The two key points that I got from this:
- Don't trust CoreAnimation, or
allowsImplicitAnimation
. Just animate it yourself. - Don't trust that the animation and layout engines will play nice with temporarily invalid constraints. (In other places, Apple engineers seem to imply that this can work, but in my testing it's not at all reliable.) Come up with a way to animate your system using only always-valid constraints.
In pseudocode, this amounts to:
// 1. to force all pending layout to complete
layoutSubtreeIfNeeded()
// 2. compute positions
compute starting (current) position of view (relative to superview, for example)
compute ending position of view
subtract these to get dx/dy/dw/dh between the two frames
// 3. constraints changeover
deactivate existing constraints on your view
create new constraints to position your new view at the ending position, with extra constants +dx/dy/dw/dh to move it back to the starting (current) position
activate these new constraints
// 4. run animation to final position
NSAnimationContext.runAnimationGroup {
for each constraint, call constraint.animator().constant = finalConstant
}
Don't be afraid of assigning constraint.constant
in a loop.
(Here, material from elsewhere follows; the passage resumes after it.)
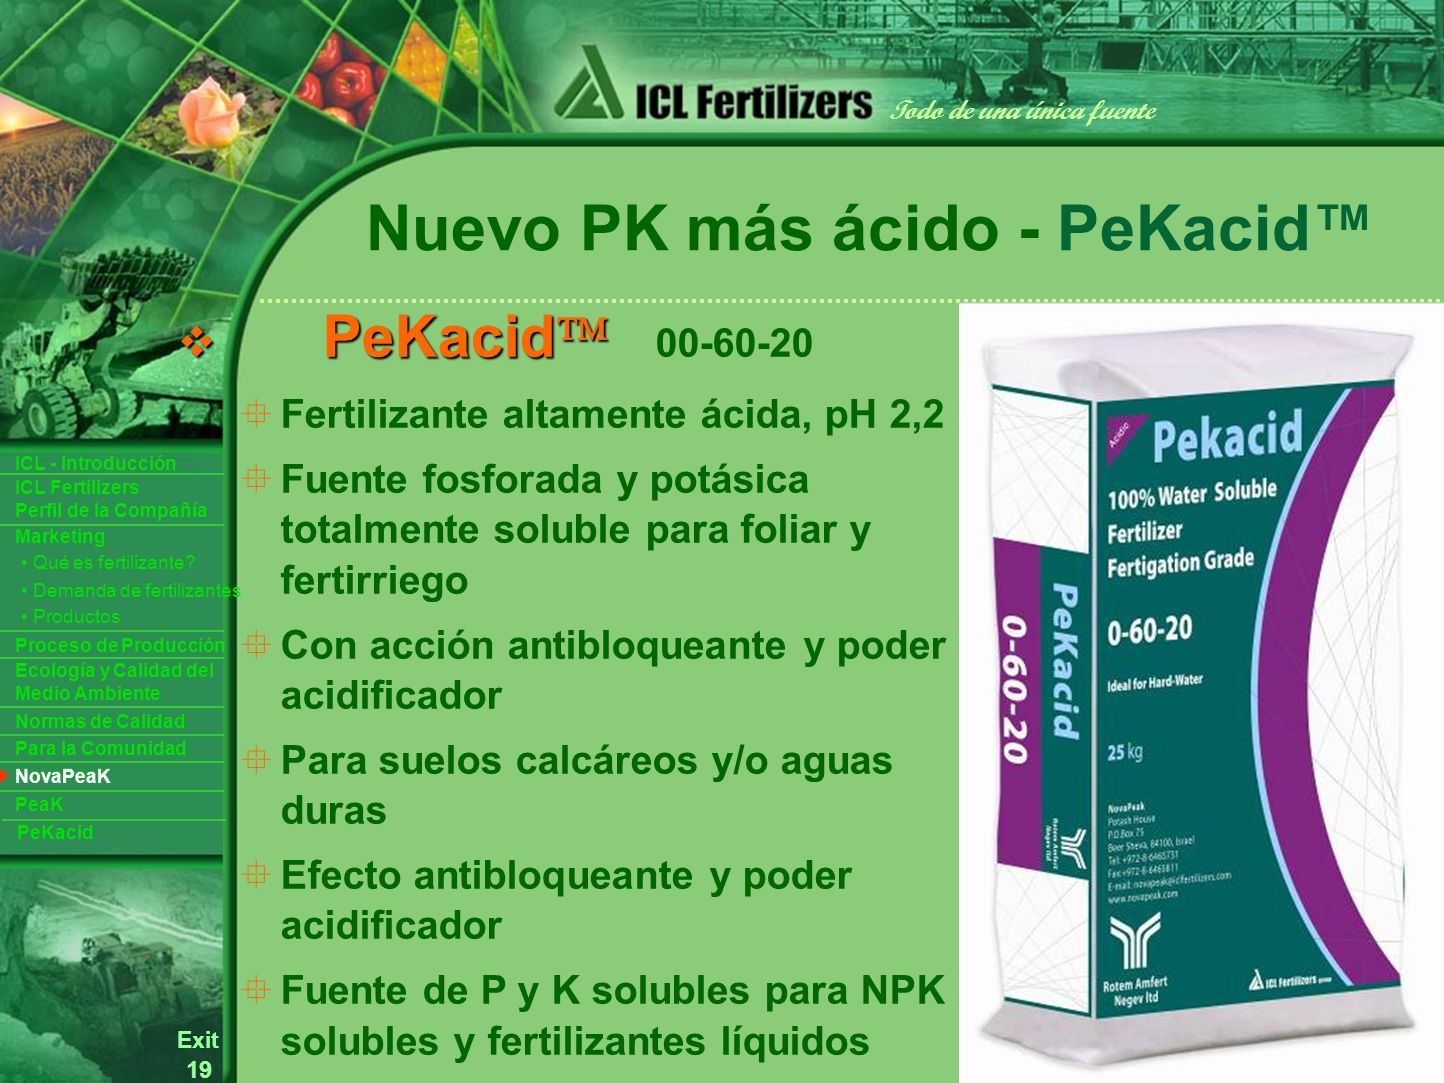 19 Exit Todo de una única fuente ICL Fertilizers Perfil de la Compañía ICL - Introducción Productos Para la Comunidad Ecología y Calidad del Medio Ambiente Normas de Calidad Marketing Proceso de Producción Demanda de fertilizantes Qué es fertilizante.

Apple says they specifically optimized that case and intend it to be used during drags/swipes, so it's good enough for your animation.
Note: in the function for the user action that triggered the animation, make the animation the final step. If you go and say needsUpdateConstraints = true
on the same view after starting the animation, weird things will happen. You wouldn't do this intentionally (it'd be pointless), but it's easy to do accidentally from a big "fix all the things" method that wasn't aware animation might be starting.